My friends find it really funny that I have a hand fetish. Yes, I use the word fetish because I don’t think I have the power to imagine more than I do than when I see someone’s hands.

Hands, like scars, have their own stories to tell. There are hands like my father’s. Soft and stubby, quite contrary to what the conventional idea of man hands is. My mother says it is because he is a good, caring man who has been lucky to have the women around him love him enough to never have him work a day of manual labour. I always remember my dad’s hands as the ones that have never faltered when it came to teaching me a lesson and never being too hard on this crybaby he had for a daughter.

At the other end of the spectrum are my mother’s hands, slender like a lady’s hands should be.
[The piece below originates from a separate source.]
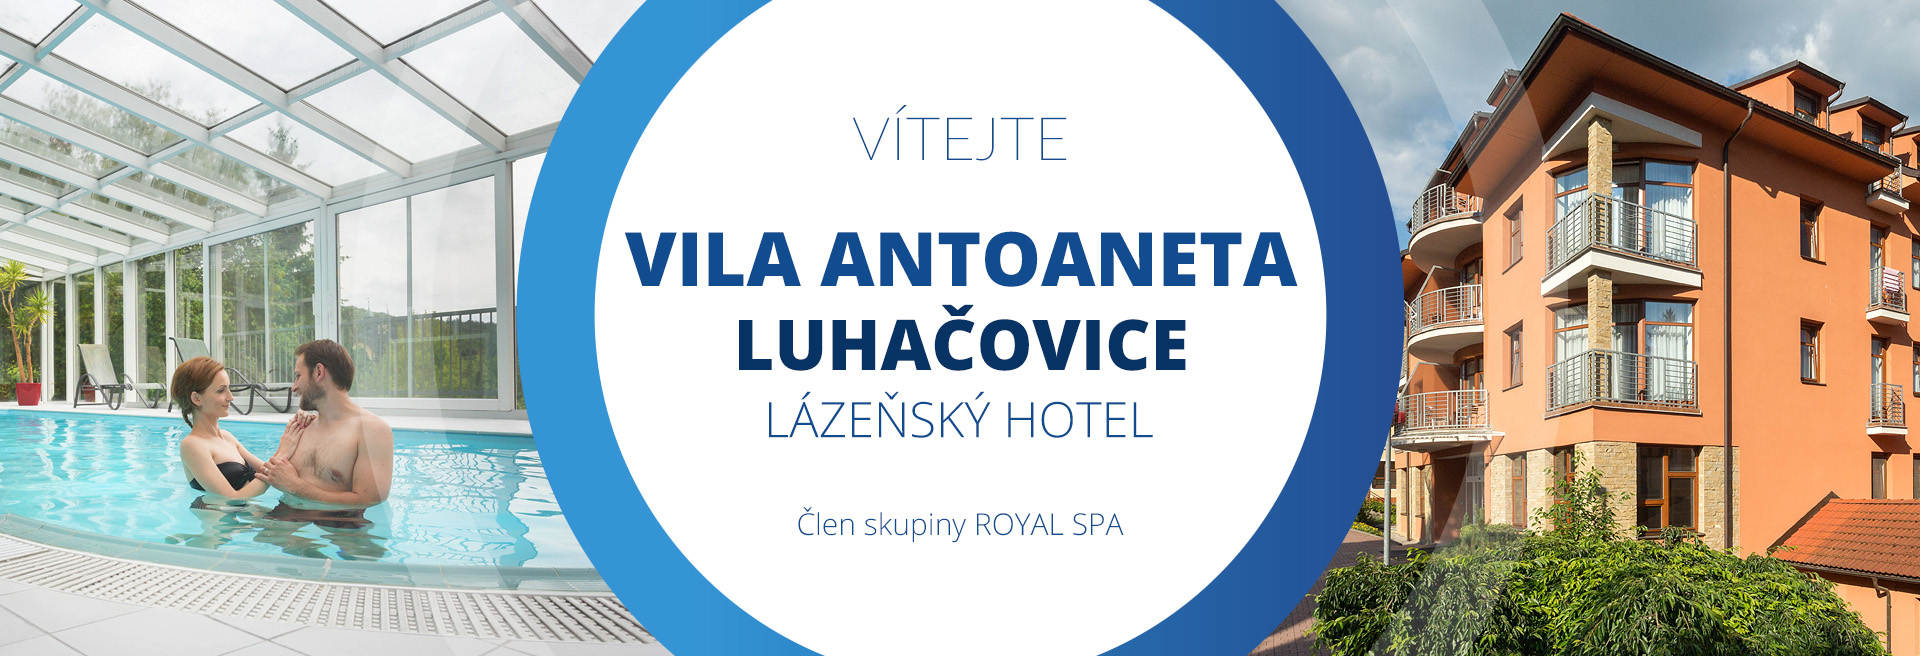 Ubytovanie - Kúpeľný hotel VILA ANTOANETA Luhačovice

But roughened by the life in a kitchen feeding her families before and after marriage and moulding children as a teacher.

Even today, you ask me about any boy I like and I will be able to tell you how much I loved his hands.

I still remember the hands of the teacher who threw us down on the floor in the name of discipline. I still remember the lining around the print left on my own tiny one because that is the only mark she thought a teacher is supposed to leave on a student.

Hands build and hands break. Hands caress and hands tear. What else do you want when you have hands to hold you? Or hands to just play with? Barring Captain Hook and Jaime Lannister, I think I can safely say that we cannot imagine our existence without touch. So, why don’t we let our hands decide where we want to go? For someone whose memories centre around sensory memory, hands are such a big part of the picture.

Touch aside, when you’re someone like me who uses her hands to express so much of what they feel, you know what I mean when I say they are extremely important. This reminds me of a time that I was standing outside my hostel waiting for a cab in my second year of college. I saw a good looking boy in his teens talking to a girl. I looked at his face, his eyebrows moving like Mexican jumping beans. I realised his lips weren’t moving. I looked down at his hands. His long fingers made words in the air for her to hear. I hadn’t seen too many people converse in sign language, so I stared like the juvenile I was. I was fascinated by how much hands could say.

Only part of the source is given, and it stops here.